Over the next few weeks, six security-cabinet meetings were held on the matter. “It may have been the most dramatic set of sessions that I can ever recall in the security cabinet,” one of the cabinet ministers told The New Yorker.
On September 1, Olmert’s close aide, Yoram Turbowicz, informed the White House that Israel had nearly completed its preparations for an attack. The Mossad also updated its British counterpart, MI6, on details of the attack, without providing information on the timing. On September 5, the cabinet deliberated for the last time. All of the ministers voted in favor of an attack, except for Avi Dichter, who abstained.
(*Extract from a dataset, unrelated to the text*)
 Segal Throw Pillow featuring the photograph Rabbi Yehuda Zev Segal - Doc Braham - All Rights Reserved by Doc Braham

Olmert, Barak and Livni were authorized by the cabinet to decide on the time and character of the attack. The three withdrew to a side room, where Chief of Staff Ashkenazi recommended to them that the attack be carried out that night, in the Skinny Shkedi format. His opinion was accepted.
Near midnight, a four-aircraft formation of F-16s and a four-aircraft formation of F-15s took off from IAF bases. According to Makovsky, one was the Ramat David airbase in northern Israel. The planes flew north along the Mediterranean coast and then turned eastward along the border between Syria and Turkey. The aircraft employed electronic warfare equipment that blinded the Syrian air-defense network.
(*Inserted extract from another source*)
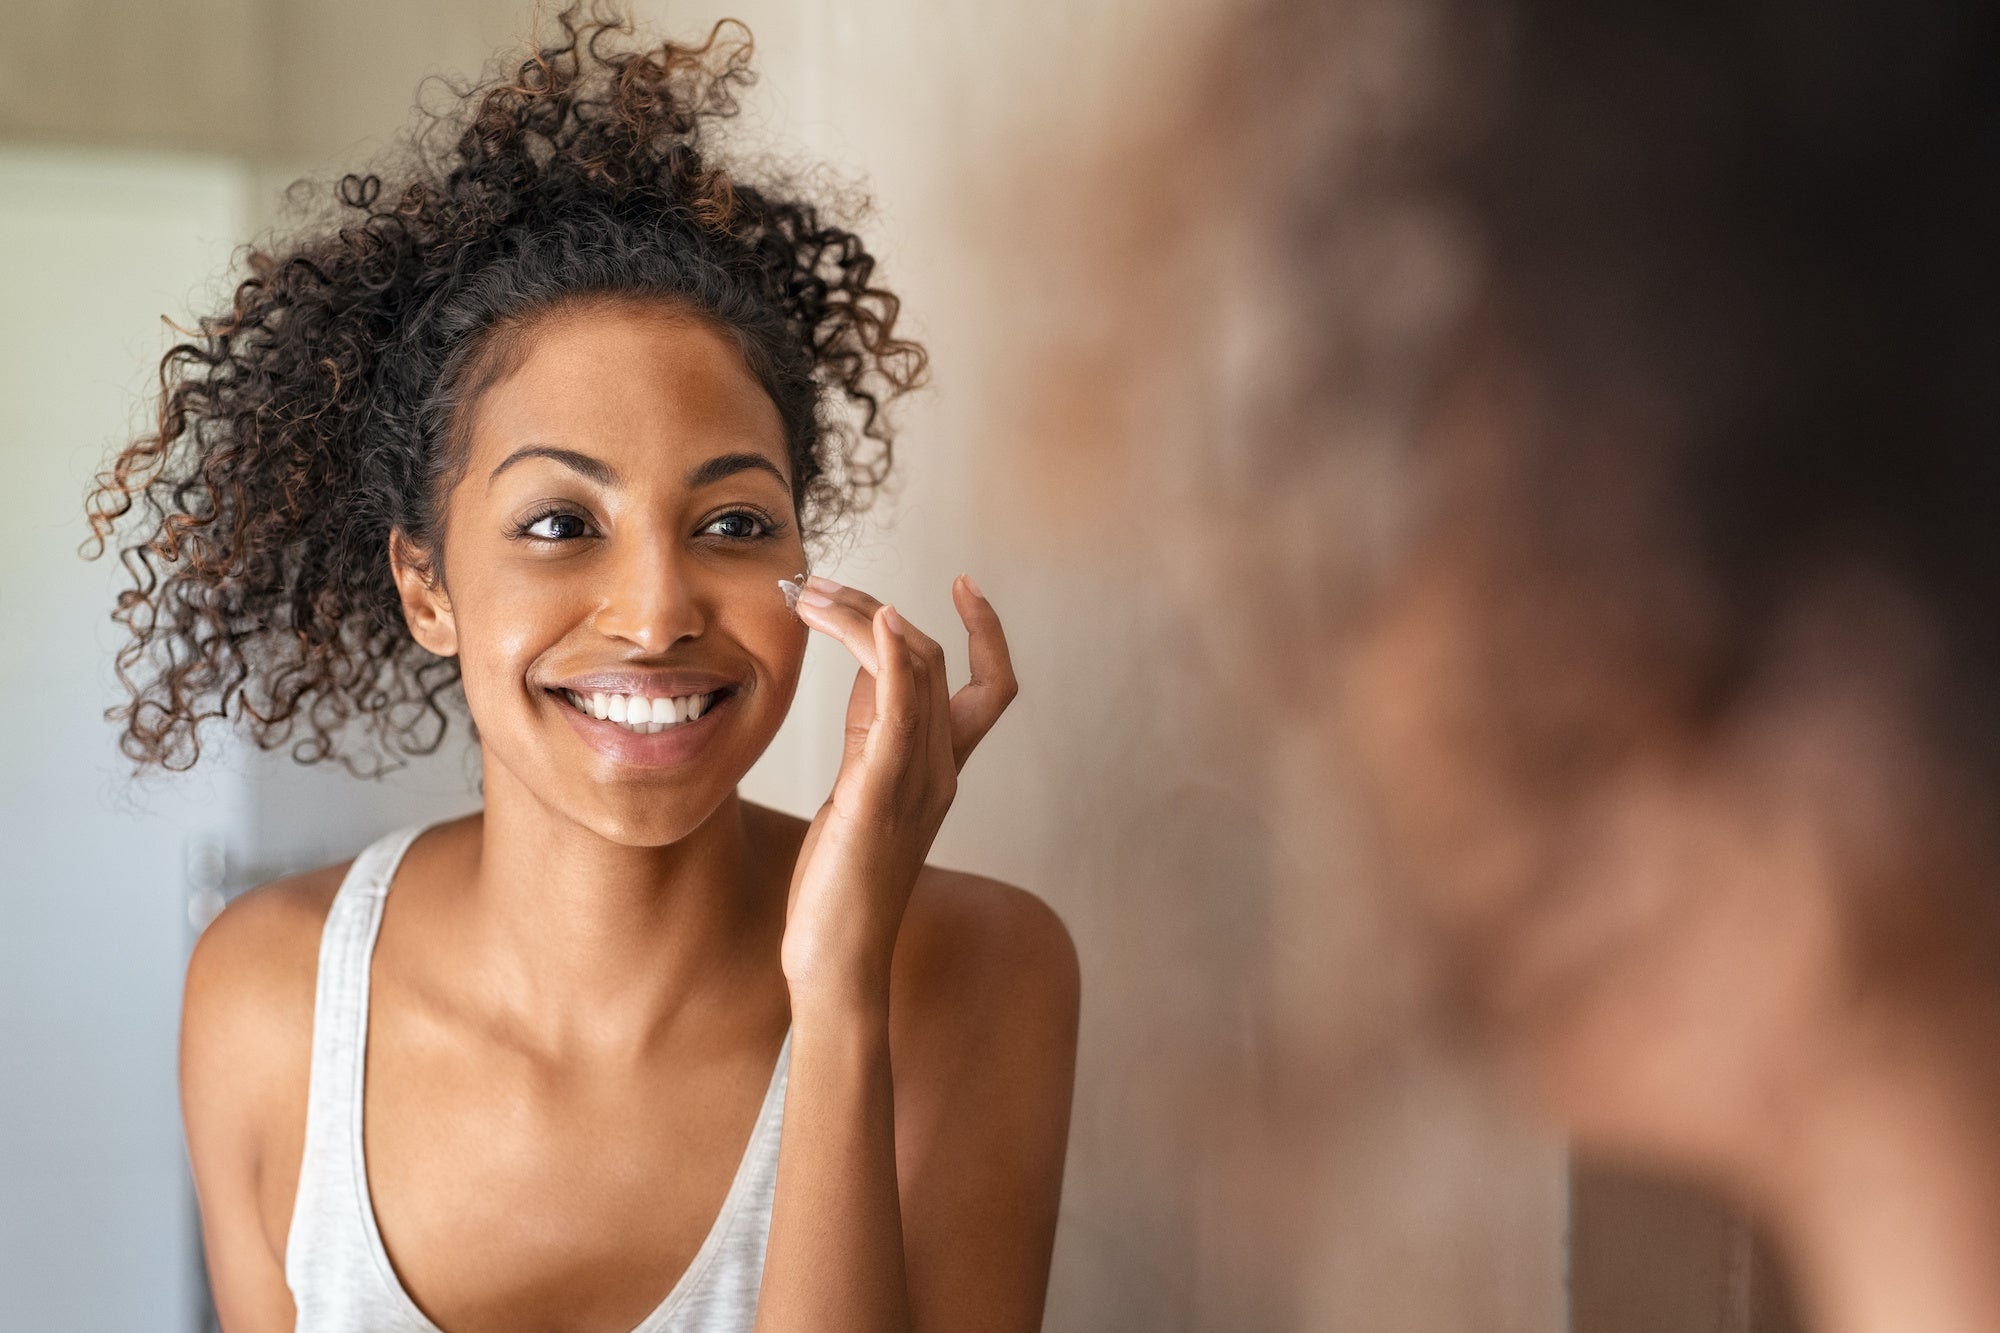 7 Skincare Tips Most Women Don't Know About

Olmert, Barak and Livni tracked the operation from the underground command-and-control center known as “the pit” in the IDF’s Kirya headquarters in Tel Aviv. Sometime between 12:40 and 12:53, the pilots uttered the computer-generated codeword of the day, “Arizona” – meaning that 17 tons of bombs had been dropped on the facility in northeast Syria.
“There was a sense of elation. The reactor was destroyed and we did not lose a pilot,” said a high-ranking Israeli official. Between 10 and 35 workers at the facility were killed.
A few minutes after the attack, Olmert made a telephone call from his office in the Kirya to President Bush, who was in Australia on a visit. “I just want to report to you that something that existed doesn’t exist anymore,” the prime minister told the president.
The following day, Syria made do with a specious press release according to which its air-defense system had repelled Israeli planes that entered Syrian airspace, and that the attacking aircraft fled after dropping their ordnance “in deserted areas without causing any human or material damage.” The psychological analysis proved accurate: Assad felt sufficiently safe in his “zone of denial” and a military response to the bombing was averted.
Over the weeks to come, Israel informed Jordan and Egypt of the attack, although it asked their leaders to remain silent on the matter. Olmert flew to Moscow and updated the Russian leaders, and subsequently reported on it to the Turkish prime minister, Recep Tayyip Erdogan, at a meeting they held in London.
A disagreement developed within the Bush Administration as to the need to expose the matter. Vice President Cheney strongly recommended going public, as part of the campaign he was waging against North Korea and its role in the “axis of evil.” Rice feared that publicity would negatively affect the superpowers’ moves vis-a-vis Pyongyang. Rice won. Only at a later stage did American officials, including President Bush in his memoirs, begin to refer to the attack. To this day, official Israel remains silent about the entire incident.